Similarly, Compound.Finance — an on-chain protocol for borrowing/lending on Ethereum — has experienced roughly $85 million in volume since November 2018. In particular, the platform offered Maker Dai lending at the end of November 2018, which has surged to approximately $2.5 million in net borrowed Dai at the end of January this year.
According to Diar:
Currently, nearly 10% of all outstanding Dai is either available for supply, or borrowed against other assets on Compound.
Diar also notes that much of the volume of Dai lending indicates that borrowers are seeking more bullish trading exposure with their cryptocurrencies rather than to short assets.
The on-chain options for users seeking more conventional financial instruments are continuing to snowball. Maker’s collateralized debt positions (CDPs) already consist of nearly 1.5 percent of the total Ether in circulation locked up in CDPs, and services ranging from BlockFi to Nuo offer crypto-collateralized loans services.
Both on-chain and off-chain loan services present an intriguing development within the cryptocurrency markets. However, Diar notes that returns are slim for liquidity providers and have been steadily declining since November 2018.
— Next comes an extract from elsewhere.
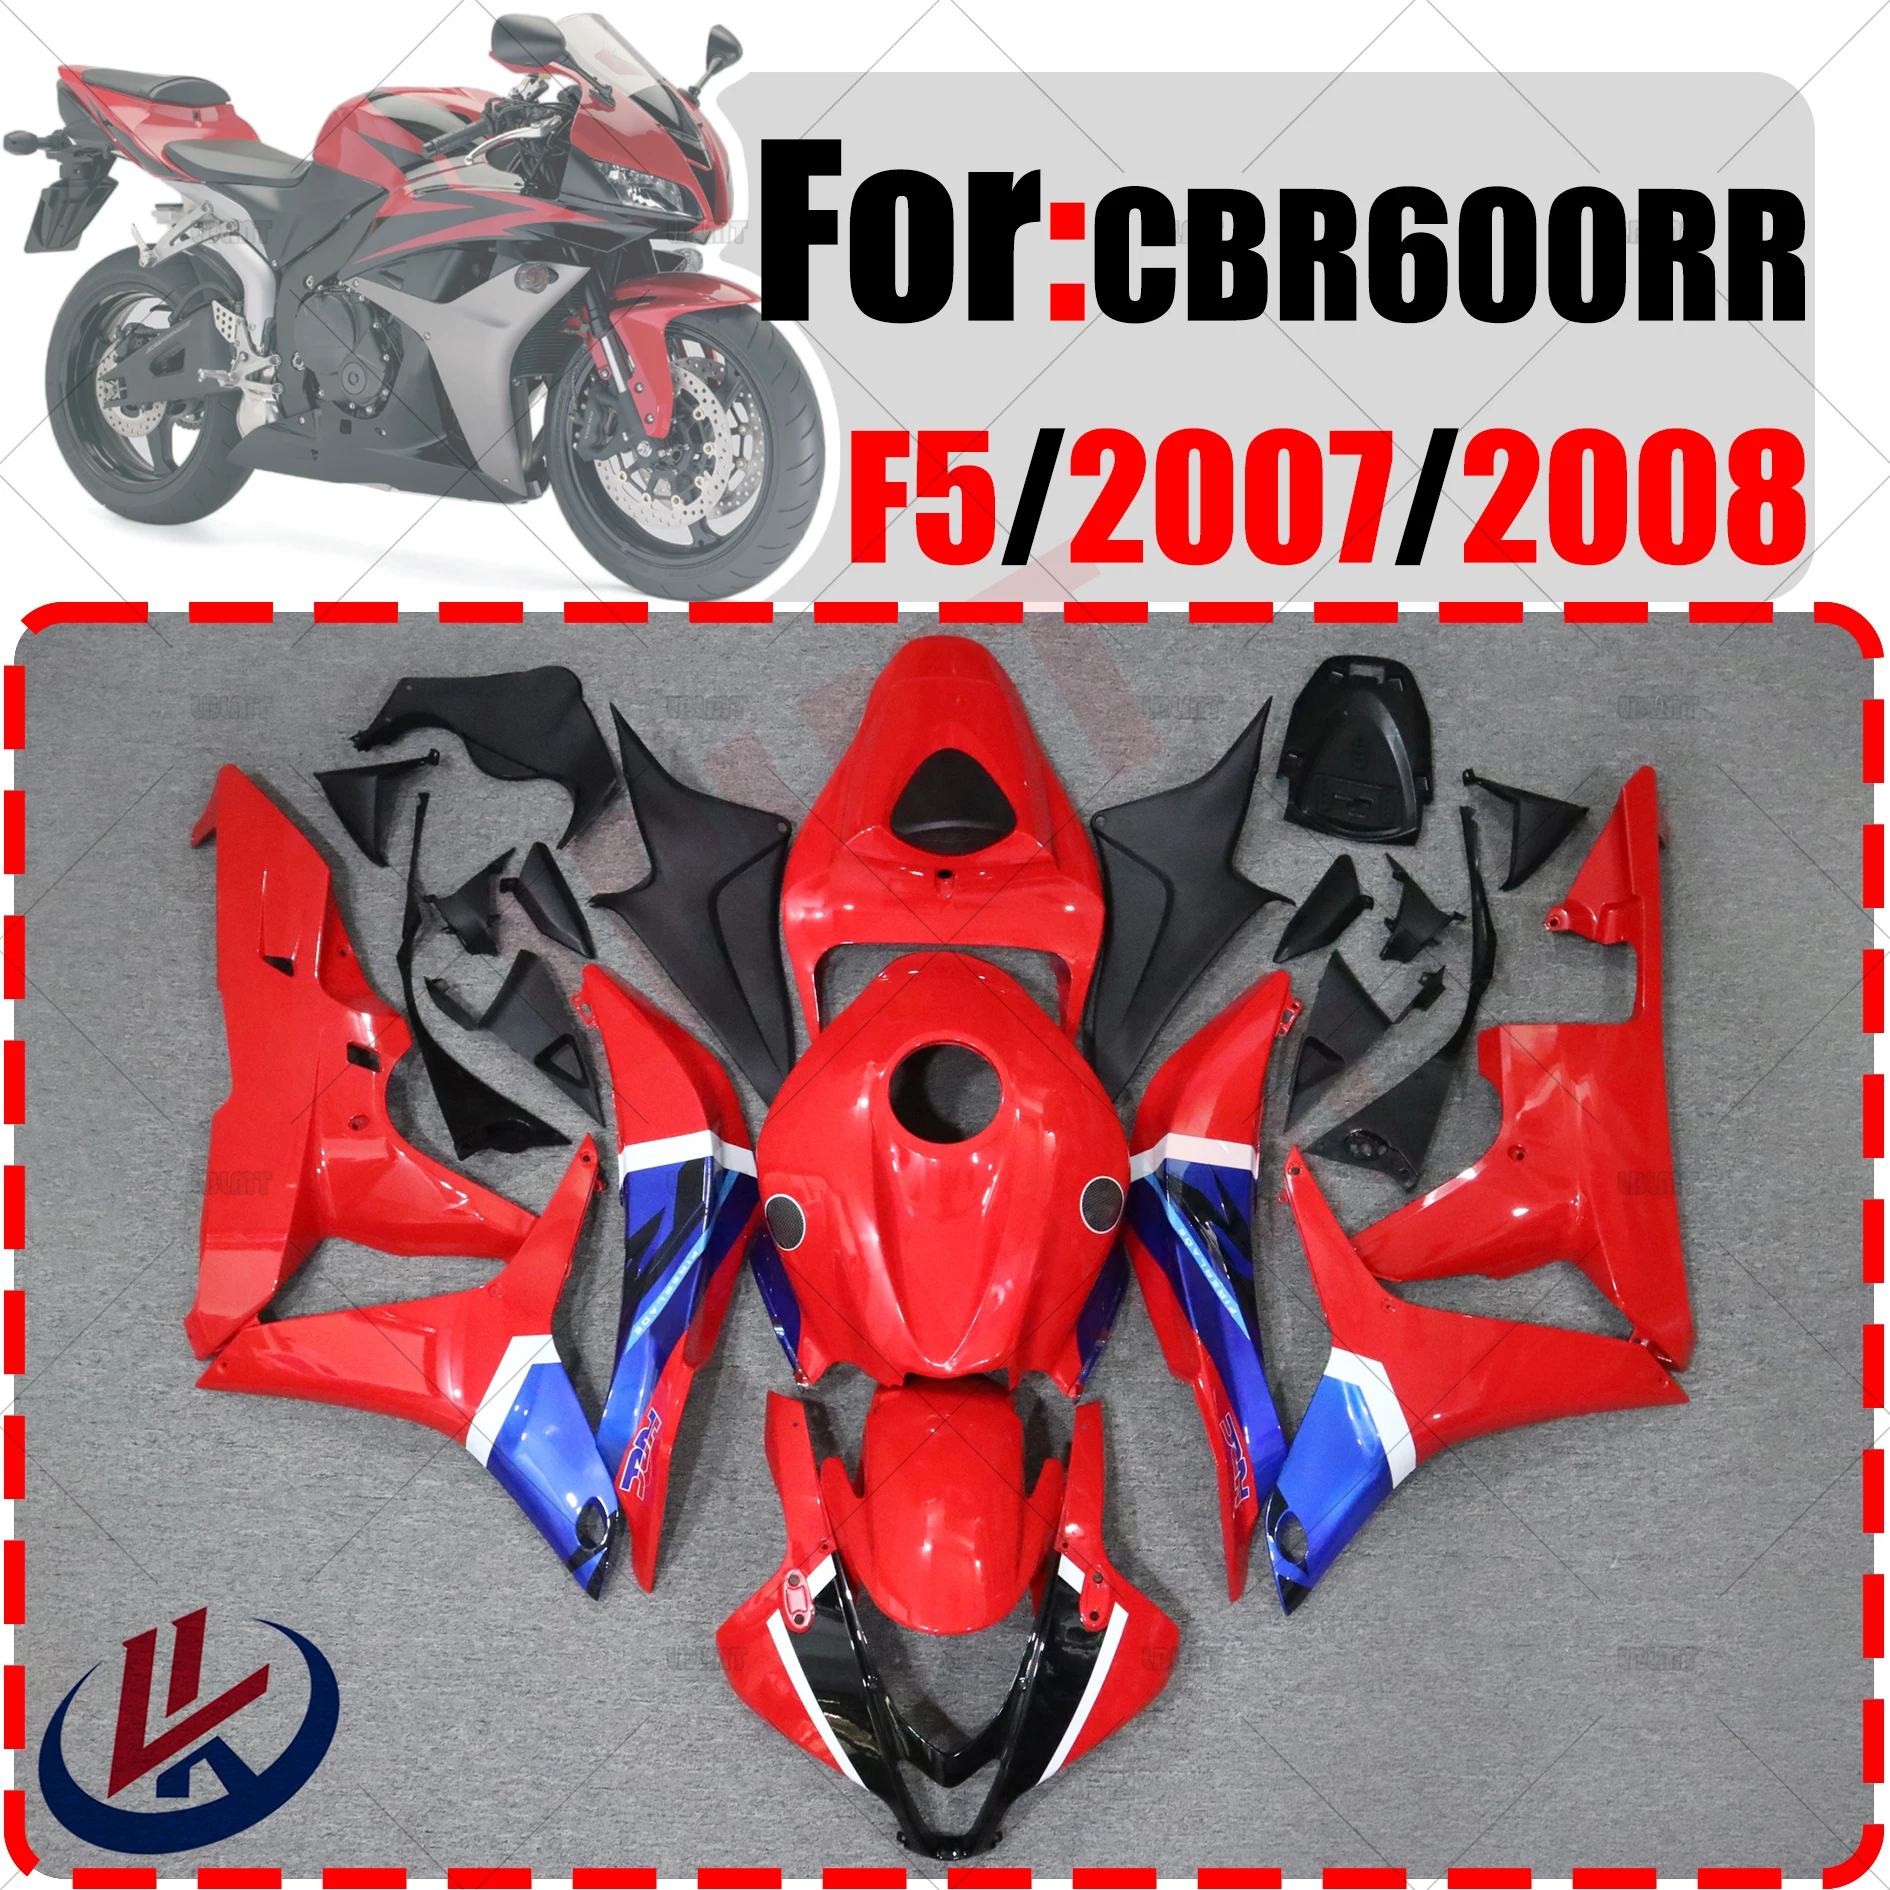 

Комплект обтекателей для мотоцикла, комплект кузова из пластика для HONDA CBR600RR F5 2007 2008, аксессуары, чехол для кузова с полным покрытием

Additionally, on-chain services like Compound. Finance and Maker CDPs have technical barriers to adoption, limiting their current usability to the small subset of the mainstream that is familiar with and comfortable utilizing decentralized financial tools. Dai’s surge in popularity is indicative of a growing audience of interest for on-chain debt instruments, but it remains unclear whether their popularity can rival more traditional off-chain services as more mainstream users tap into digital assets.